• _TASK INSTRUCTIONS_
Any picture in the data below should be skipped, while every line is repeated exactly.

(STORED DATA begins)

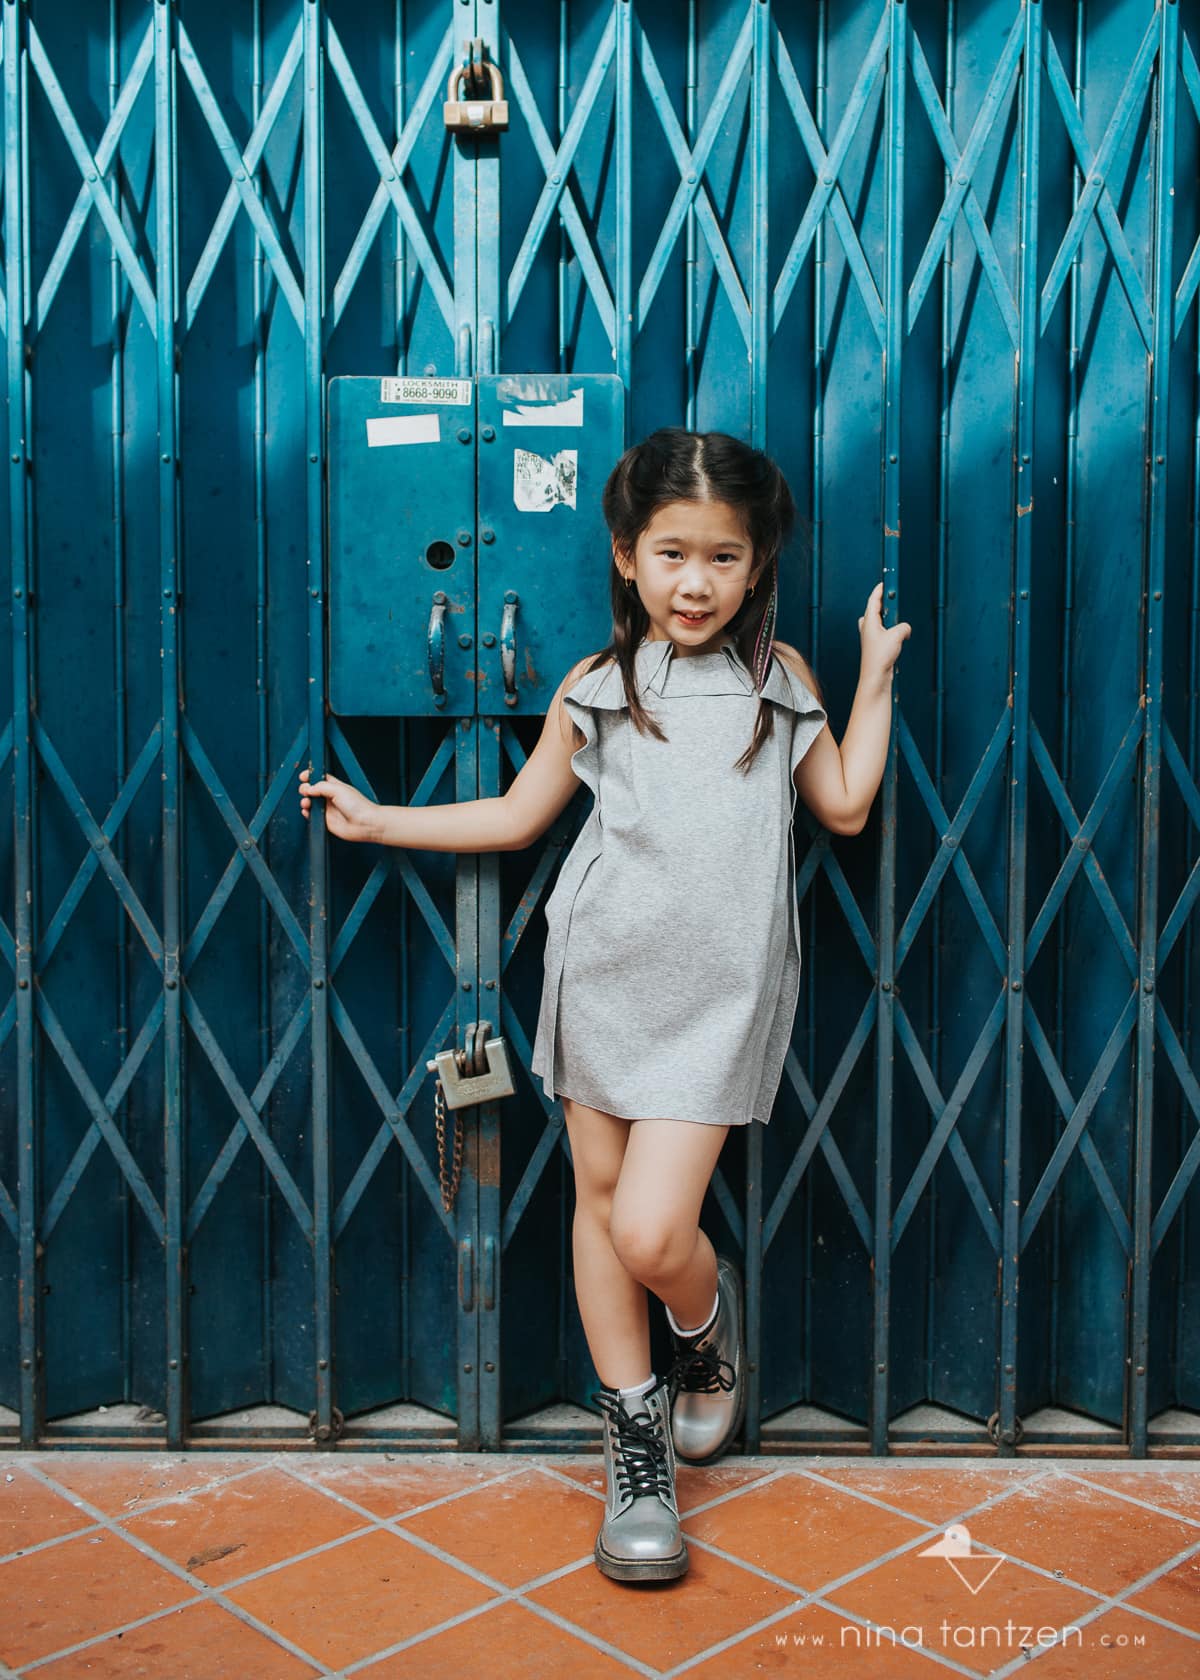 urban child portraits in singapore
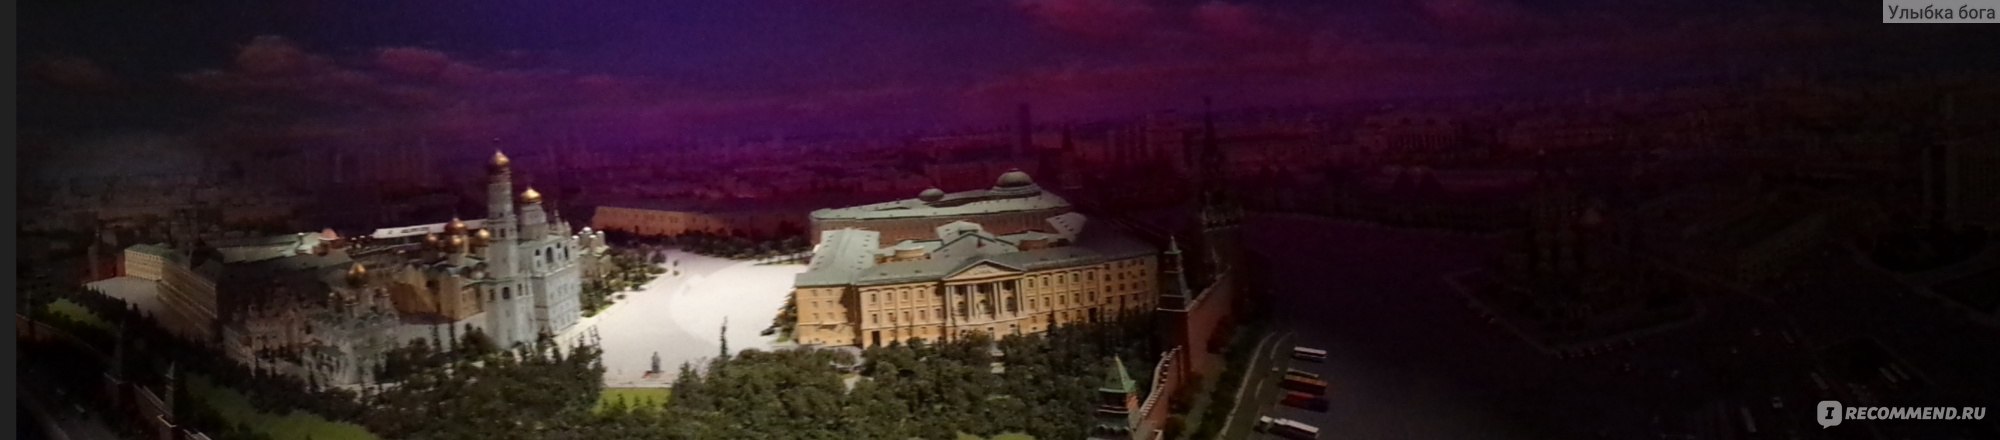 Город Москва (Россия), г/т "Украина" (Radisson), Панорама Москвы
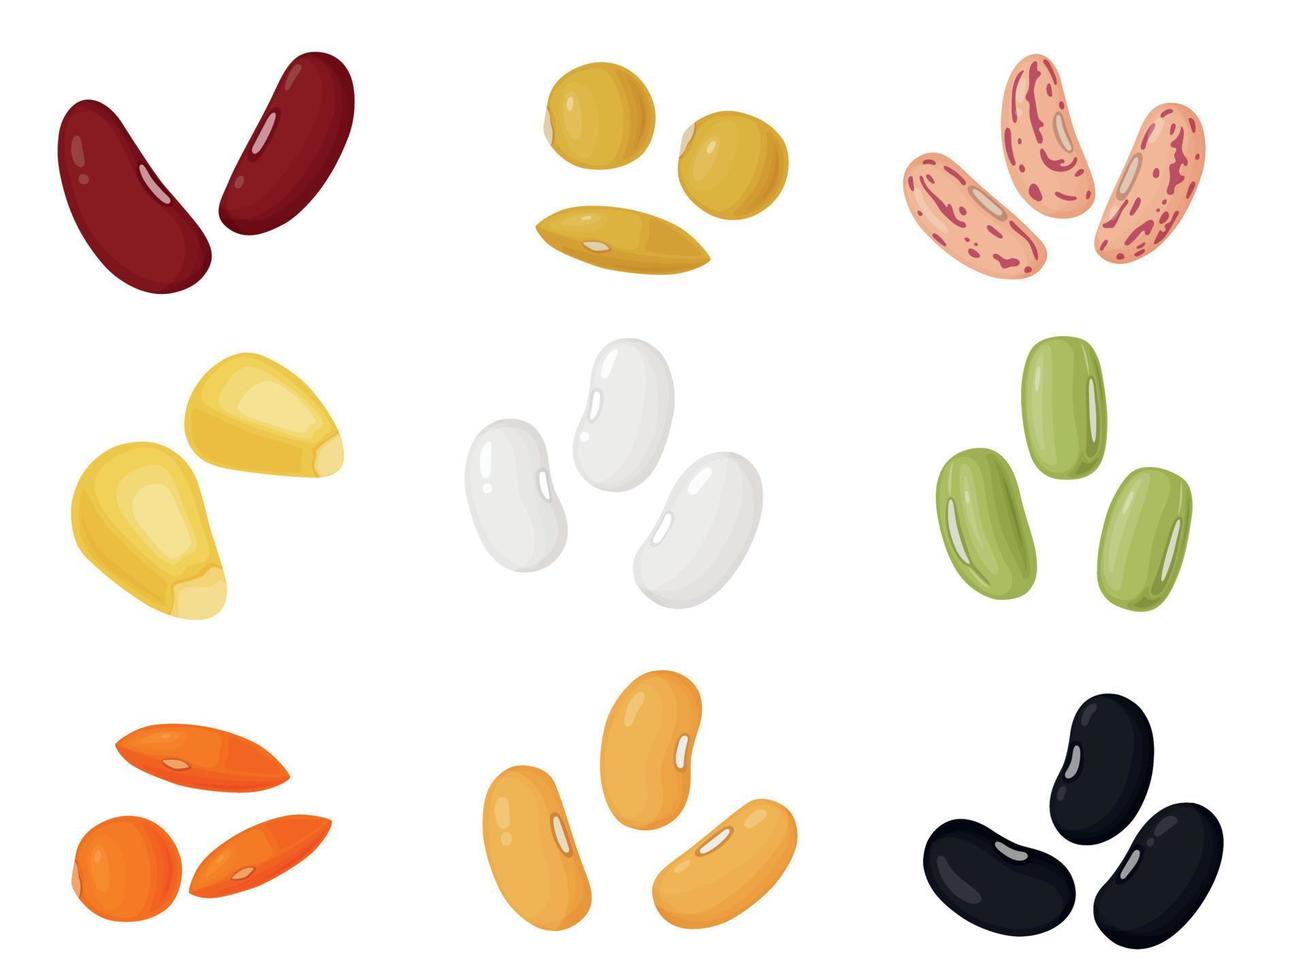 Kidney beans. Beans in cartoon style. Healthy vegetarian food illustration. vector

(STORED DATA ends)

• _ANSWER AREA_
 urban child portraits in singapore
 Город Москва (Россия), г/т "Украина" (Radisson), Панорама Москвы
 Kidney beans. Beans in cartoon style. Healthy vegetarian food illustration. vector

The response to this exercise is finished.